Infrastructure can dictate means of transportation and neighborhood walkability, which is associated with weight status. High neighborhood walkability has been found to be associated with decreased prevalence of overweight and obesity (36), which can link back to structural differences discussed earlier between urban and rural areas (urban areas having higher walkability). Transport-related physical activity decreased by 17.8% between 1965 and 2009 in the United States, which could be due to growing ubiquity of car ownership and supportive infrastructure for automotive transport in the United States (37). Proximity to recreational facilities, recreational facility density, access to sidewalks and paths that remove pedestrians from traffic hazards, and access to parks, have all been reported to be facilitators of physical activity in qualitative and quantitative research (38, 39).

The quality of infrastructure in a neighborhood and the perceived aesthetics of homes, shops, and recreational facilities can impact the use of these facilities. A study in a high-income neighborhood and a low-income neighborhood showed that even though the number of recreational facilities was equitable in the neighborhoods, the residents of the low-income neighborhood perceived that they had less access to recreational facilities (40).

Additional neighborhood descriptors that are associated with obesity include neighborhood deprivation, disorder, and crime. Neighborhood deprivation, a composite score of socioeconomic position of individuals in a neighborhood that is used to assign a rank to that neighborhood, shows that high levels of deprivation are associated with a 20% increased odds of overweight (41). Neighborhood physical disorder refers to the presence of vandalism, abandoned lots or vehicles, garbage, and quality of building conditions. Women in an urban area with high neighborhood physical disorder have a 1.43 greater odds of obesity (42). Persons living in areas of high crime have a 28% reduced odds of achieving higher levels of physical activity and, conversely, perceived safety increases the odds of achieving higher levels of physical activity by 27% (43). Living in a neighborhood with high crime has been found to be associated with increased weekly snack consumption in women (42). The relevance of the neighborhood environment to obesity is further exemplified in the Moving to Opportunities Study (44). The Department of Housing and Urban Development randomly assigned just under 5000 families in Chicago, Baltimore, Boston, Los Angeles, and New York public housing to 3 possible conditions: receive a housing voucher to move to a low-poverty census track with moving counseling, receive a standard unrestricted housing voucher and no moving counseling, or receive nothing. Despite the fact that this study was not focused on weight or diabetes outcomes, participants that received the voucher to move to a low-poverty census track had 4.61 percentage points lower prevalence of BMI > 35, BMI > 40, and glycated hemoglobin ≥ 6.5% than participants who received nothing (44), showing that a mere change in environment from high- to low-poverty rates was enough to have a significant impact.

Work Environment and Advances in Communication Technology

As the built environment and food environment have changed in the United States, so has the work environment. From 1960 to 2010, jobs in the U.S. private industry shifted from 50% requiring at least moderate to vigorous physical activity to less than 20% requiring this level of activity intensity (45). National Health and Nutrition Examination Survey data has documented an association between decreases in work-related energy expenditure and weight gain over the same time period (45). These changes in occupation related physical activity could be due to improvements in labor-saving technology. Technology advances are not confined to the work environment and have spread into many facets of daily life, such as improvements in smart personal communication devices, internet media platforms, marketing techniques, and enhanced audio-visual media. Studies show that marketing for unhealthy foods is often targeted at more vulnerable populations such as Non-Hispanic blacks (46) and Hispanics (47). Additionally, the availability of information about healthy weight-loss behaviors on the internet is poor when searched for in Spanish (48). “Screen time” or the time spent using technology that utilizes a screen interface has been found to be associated with increased risk for obesity (49-51); however, many app companies and academic researchers are now using that same technology to help with obesity prevention and treatment (52-54).

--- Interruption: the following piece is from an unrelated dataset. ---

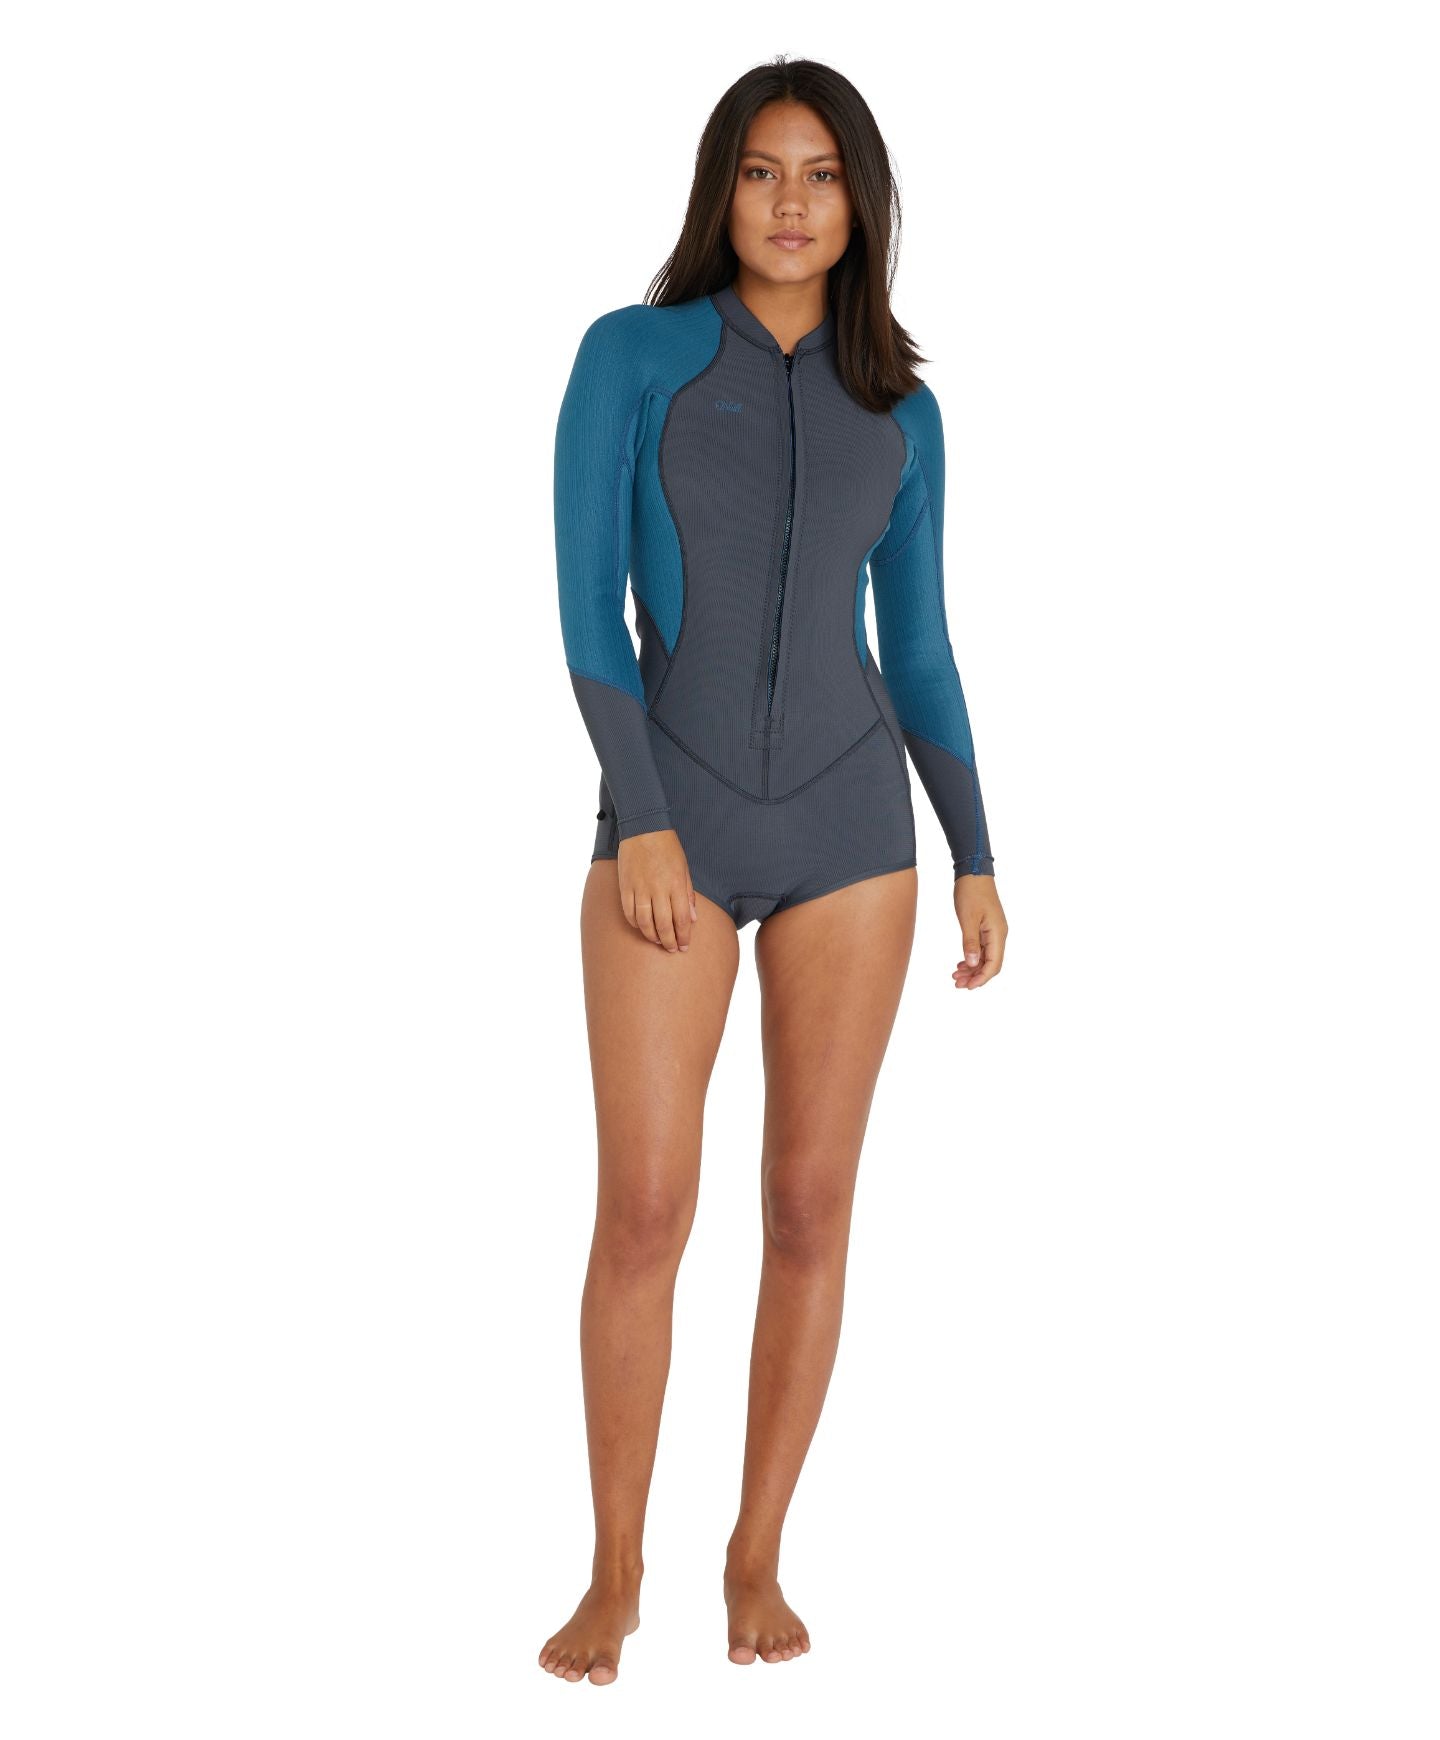 Women's Blueprint Long Sleeve Spring Suit 2mm Wetsuit - Graphite

Animal research consistently shows that animals of subordinate status experience adverse physiological and behavioral changes compared to their high status counterparts: higher levels of cortisol (primates) (55), elevated blood pressure (rats, rabbits, baboons, macaques) (56), elevated heart rate (primates) (56), accumulation of visceral fat (rats) (57), increased ad-libitum energy-dense food consumption (macaques, rats) (57, 58), cardiovascular disease (mice) (59), and shortened lifespan (mice) (59). This implies that social standing, regardless of species, has physiological implications and could be contributing to obesity development and poor health. The findings from animal models thus serve as the basis for parallel outcomes reported in humans of low social status.

Social status can be measured objectively or subjectively. Objective measures typically include socioeconomic status (SES) variables, such as income, education, or occupation, which were discussed as individual level factors at the beginning of this chapter. Social status can also be represented by manifestations of status differentials, including inequality between groups or measurable differences in the ability for someone to obtain basic life necessities, such as food security. High levels of absolute income/wealth may be related to health not only through better material conditions, but also through social position. However, in an analysis of two nationally representative British panel studies, ranked position of income/wealth, not absolute income/wealth, predicted adverse health outcomes such as obesity, presence of chronic disease, and poor ratings of physical functioning and pain (60). In a worldwide study of physical activity, countries with large activity inequality predicted obesity better than the total volume of physical activity within the country (61). Activity inequality is identified by calculating a Gini coefficient for population step count data from each country, 0 = complete equality, 1= complete inequality. Individuals in the top five countries for physical activity inequality (Saudi Arabia, USA, Egypt, Canada, Australia) were 196% more likely to have obesity than individuals from more equal societies that did not have large disparities in step counts across the population. Gender differences account for 43% of the inequality observed, however, this effect was mitigated in societies that rated higher in walkability (61). Inequality can also drive calorie consumption. Individuals who are experimentally induced to view themselves as poor in reference to others exhibited increased calorie intake (62). Additionally, individuals who believed they were poorer or wealthier than an interaction partner exhibited higher levels of anxiety in regards to that difference in status that, in turn, led to increased calorie consumption (62).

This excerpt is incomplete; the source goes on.